> [INFORMATION SUPPLIED]:
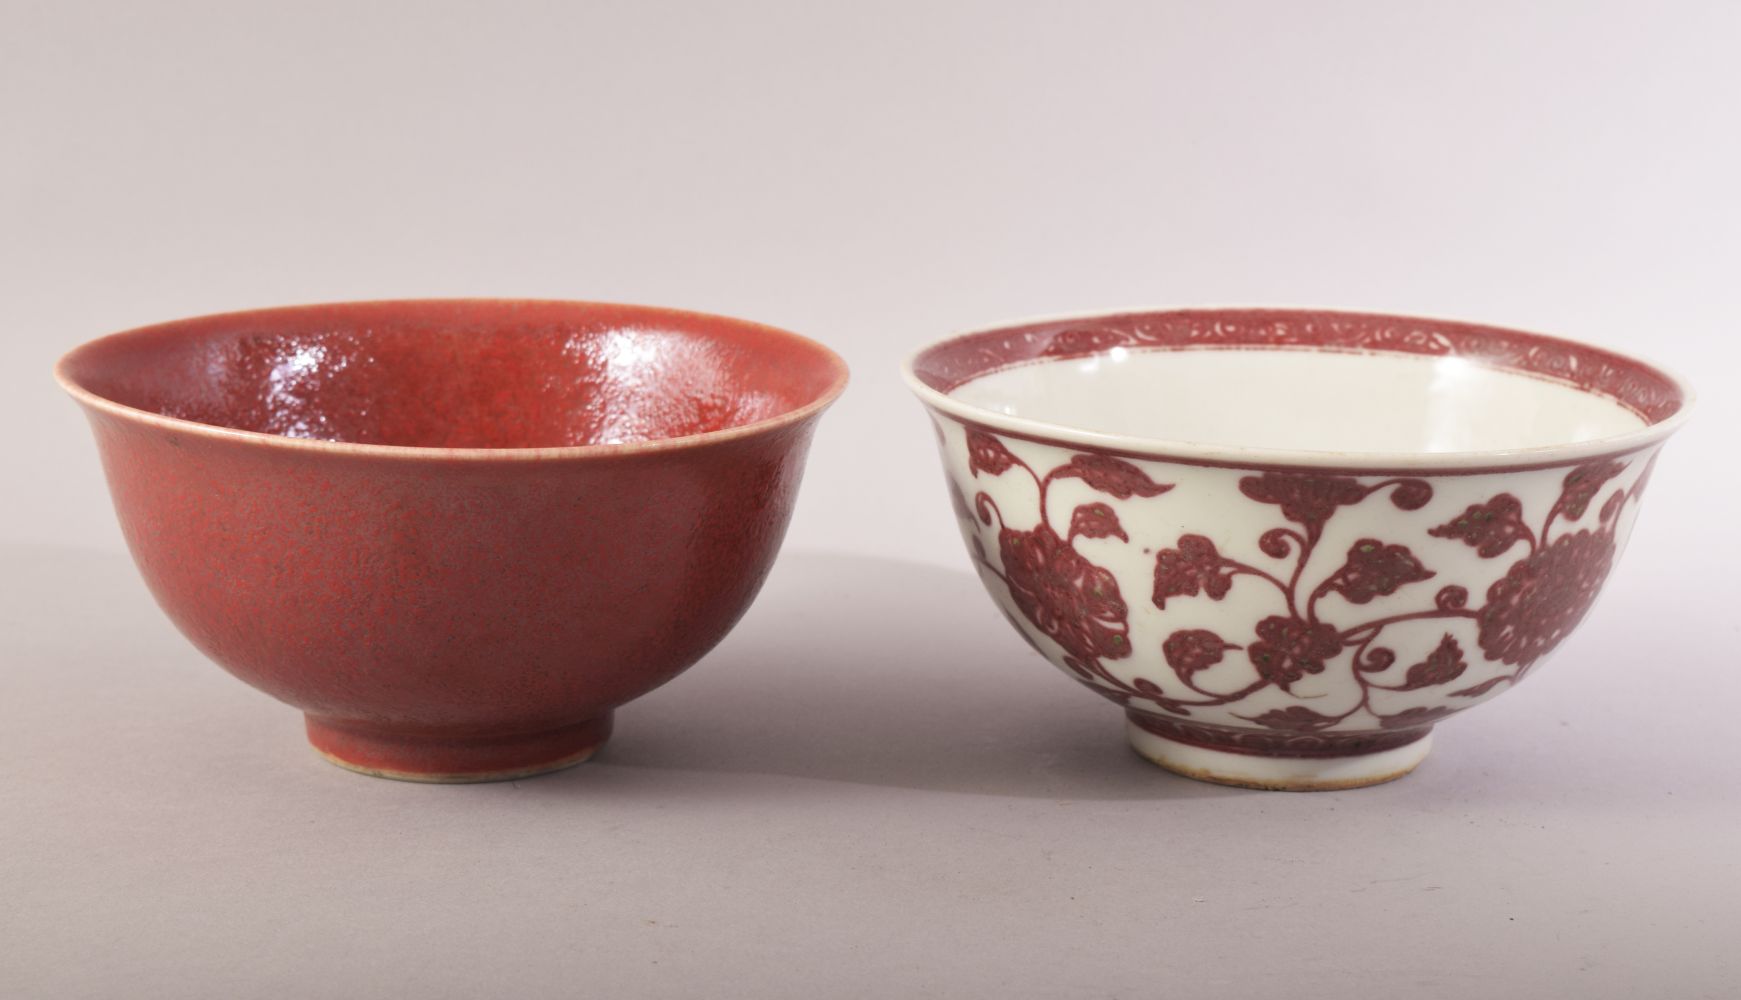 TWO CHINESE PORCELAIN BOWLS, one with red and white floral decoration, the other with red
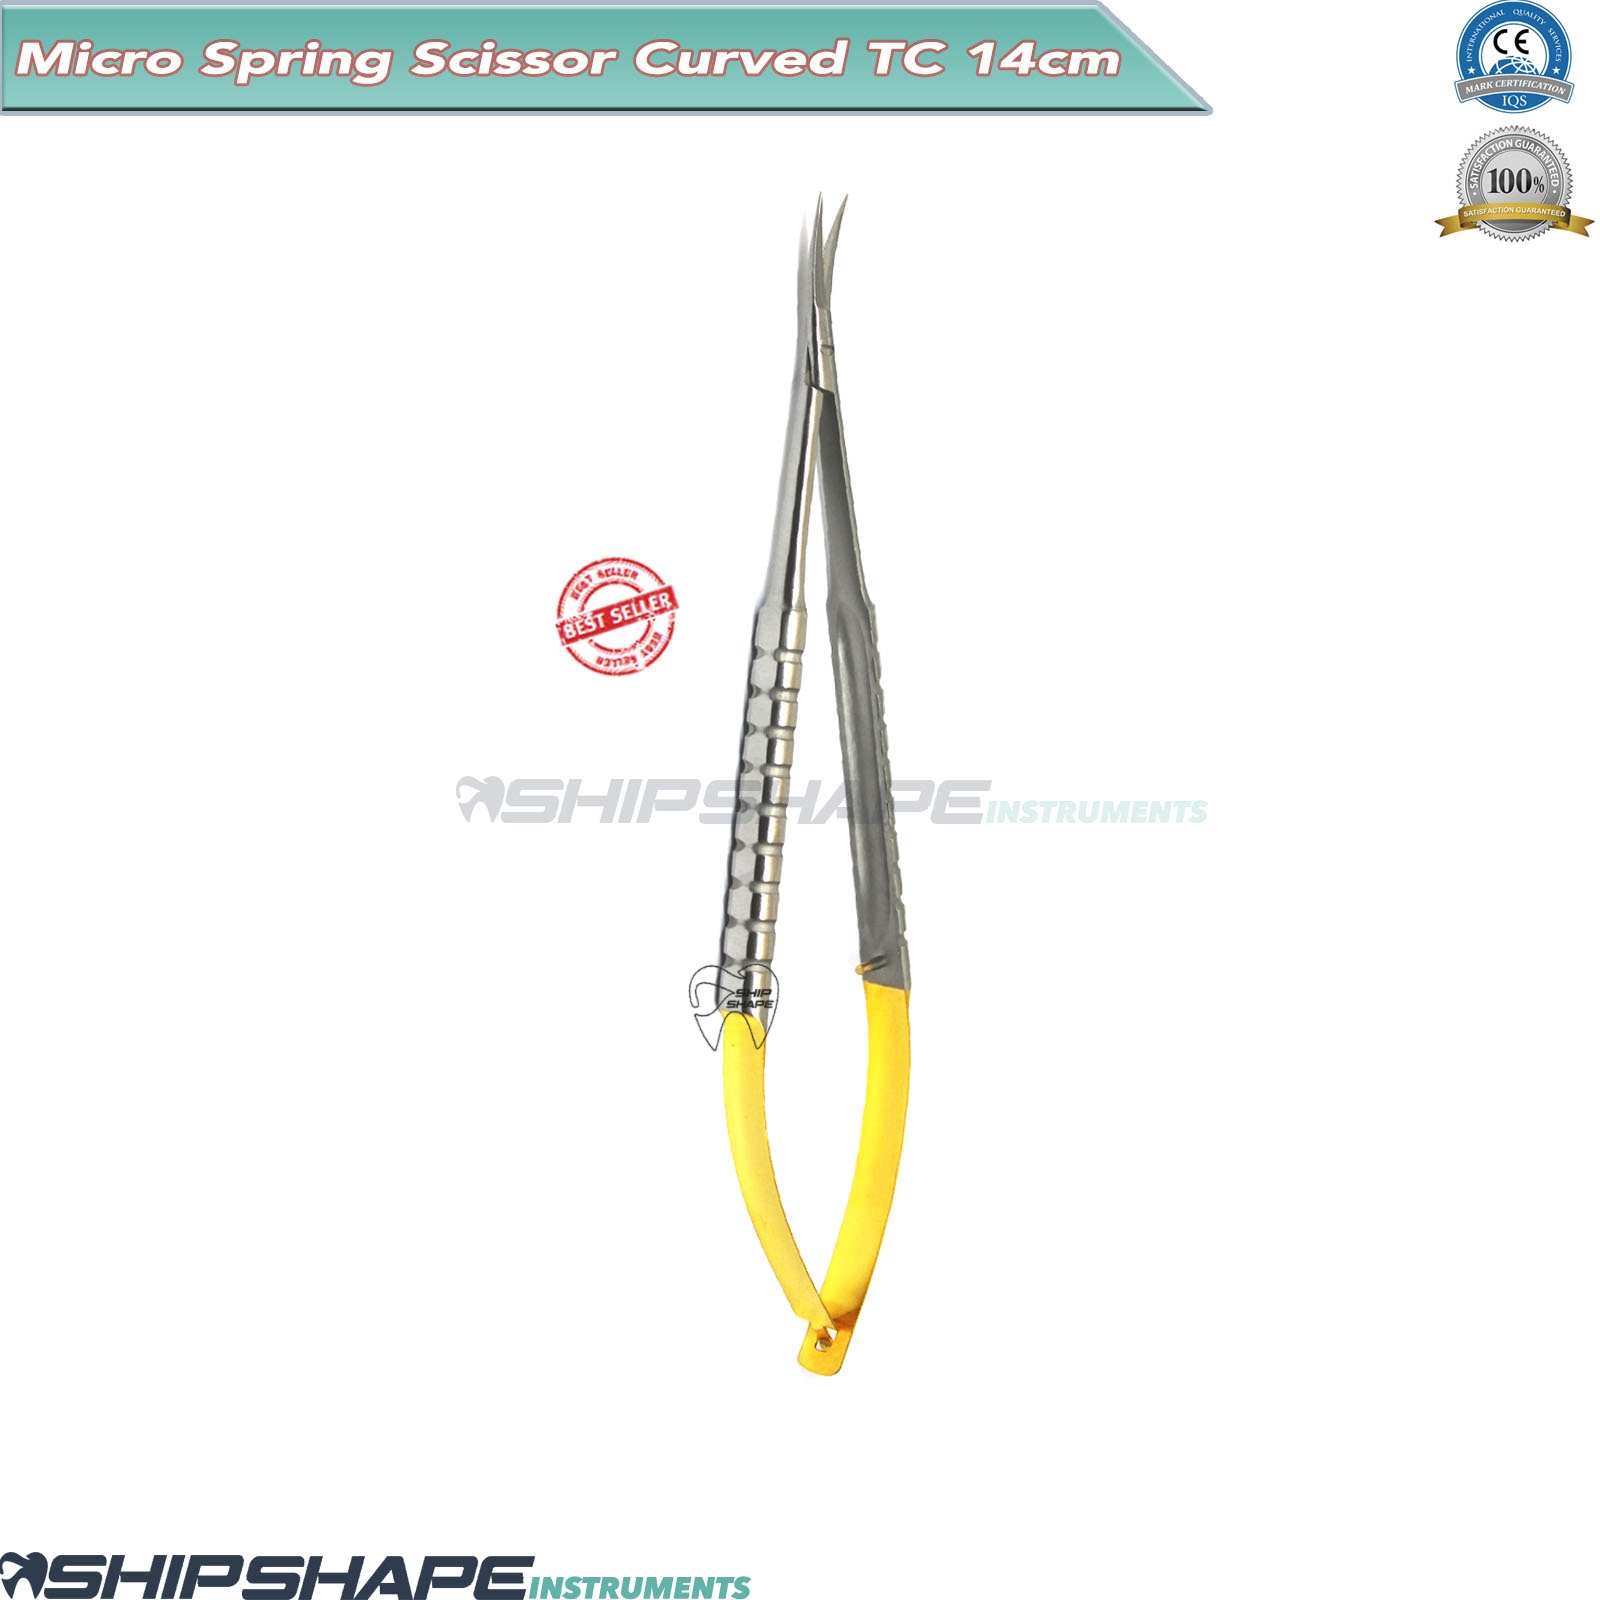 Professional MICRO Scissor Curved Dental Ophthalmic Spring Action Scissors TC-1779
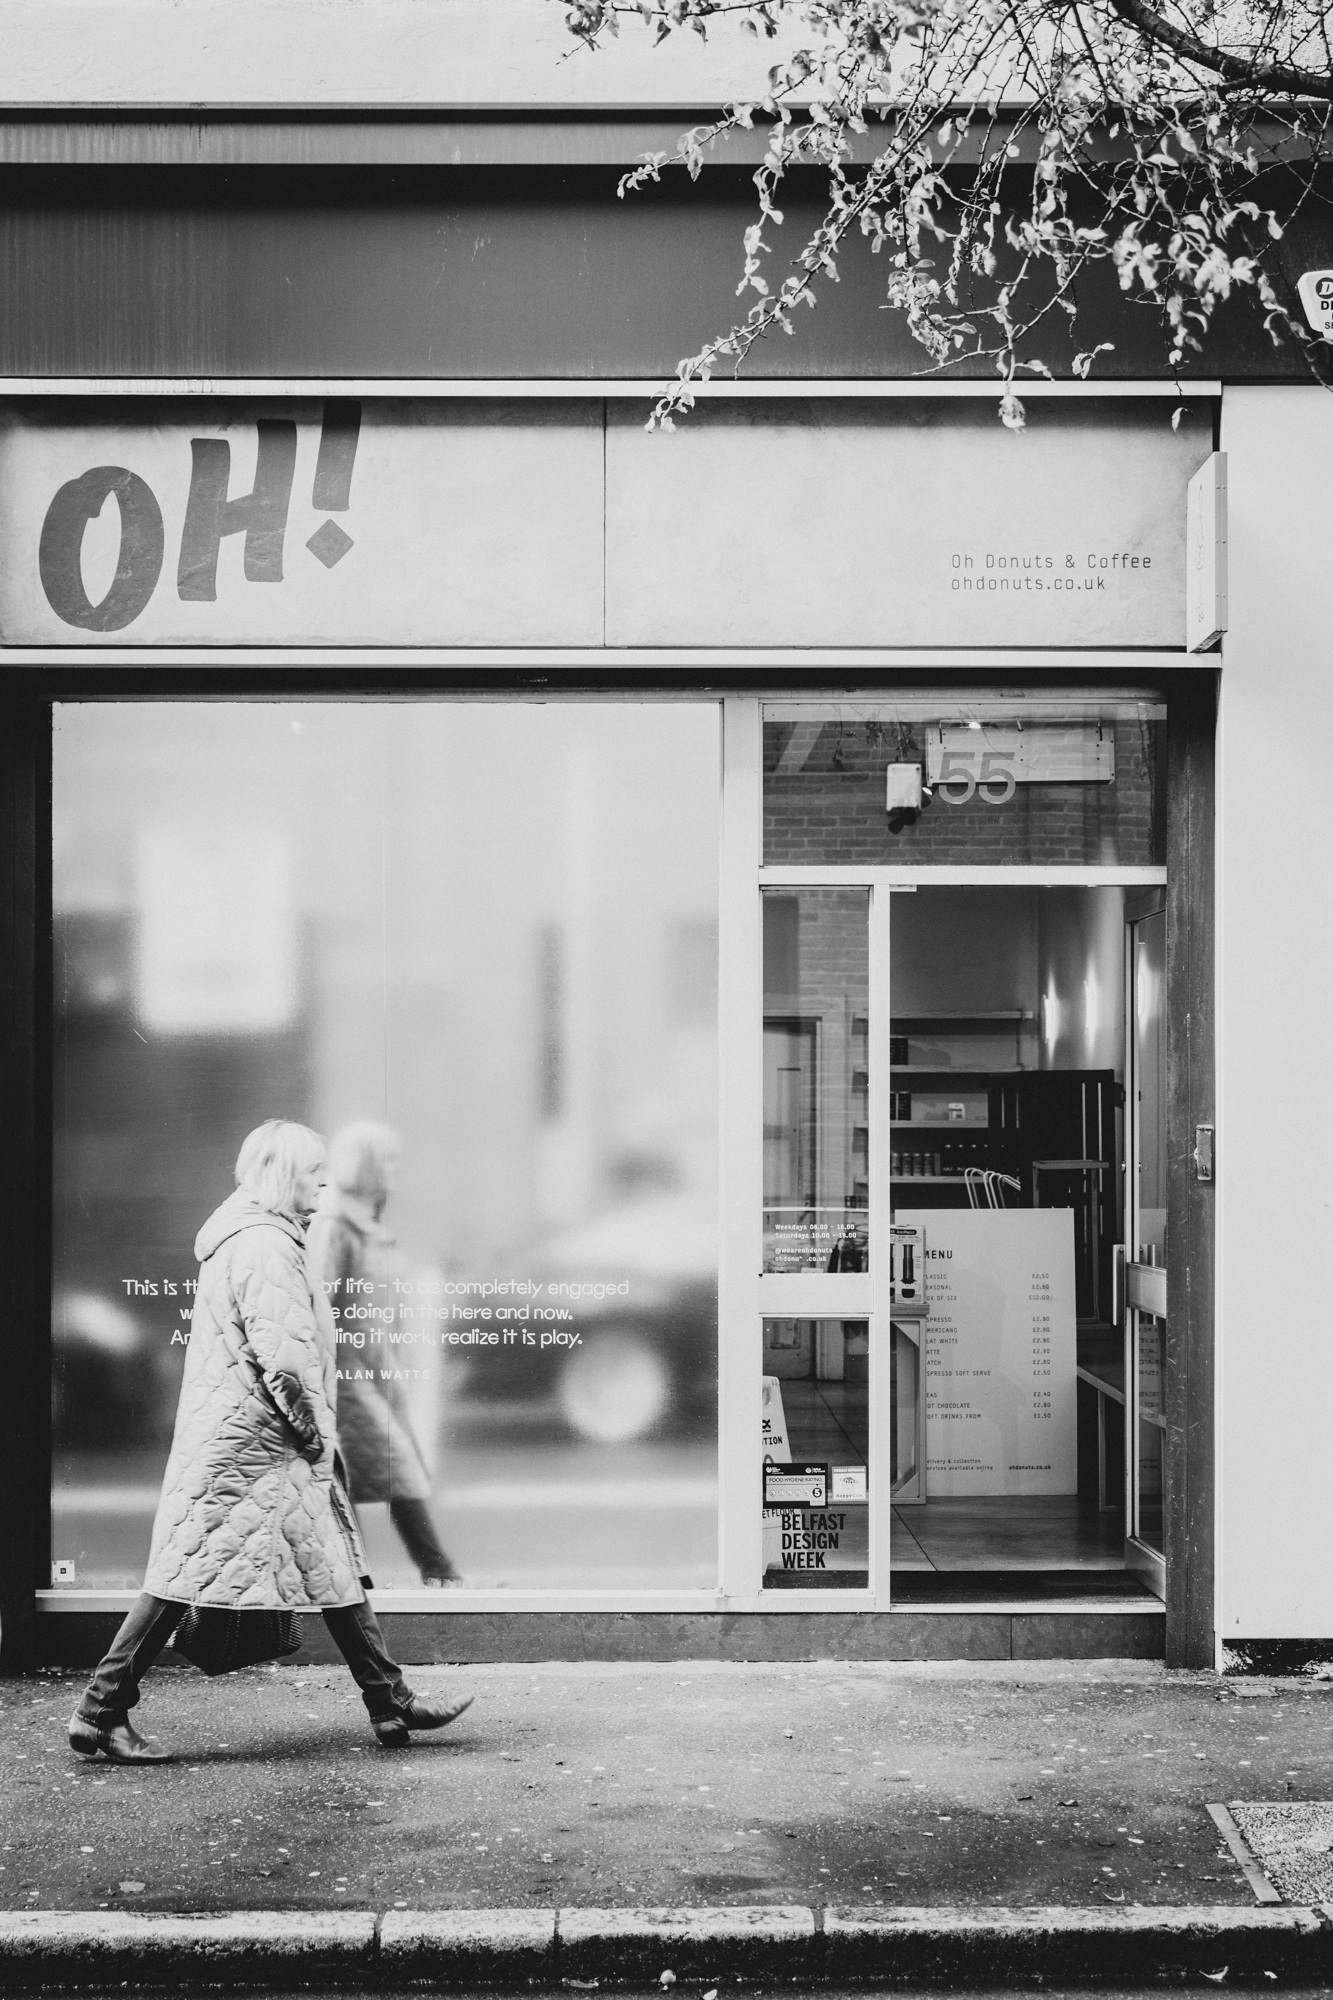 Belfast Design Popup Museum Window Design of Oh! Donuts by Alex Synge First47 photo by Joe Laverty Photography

> [TASK DIRECTIONS]:
An exact copy of the material above is required, free of any pictures.

> [SOLUTION TO THIS EXERCISE]:
 TWO CHINESE PORCELAIN BOWLS, one with red and white floral decoration, the other with red
 Professional MICRO Scissor Curved Dental Ophthalmic Spring Action Scissors TC-1779
 Belfast Design Popup Museum Window Design of Oh! Donuts by Alex Synge First47 photo by Joe Laverty Photography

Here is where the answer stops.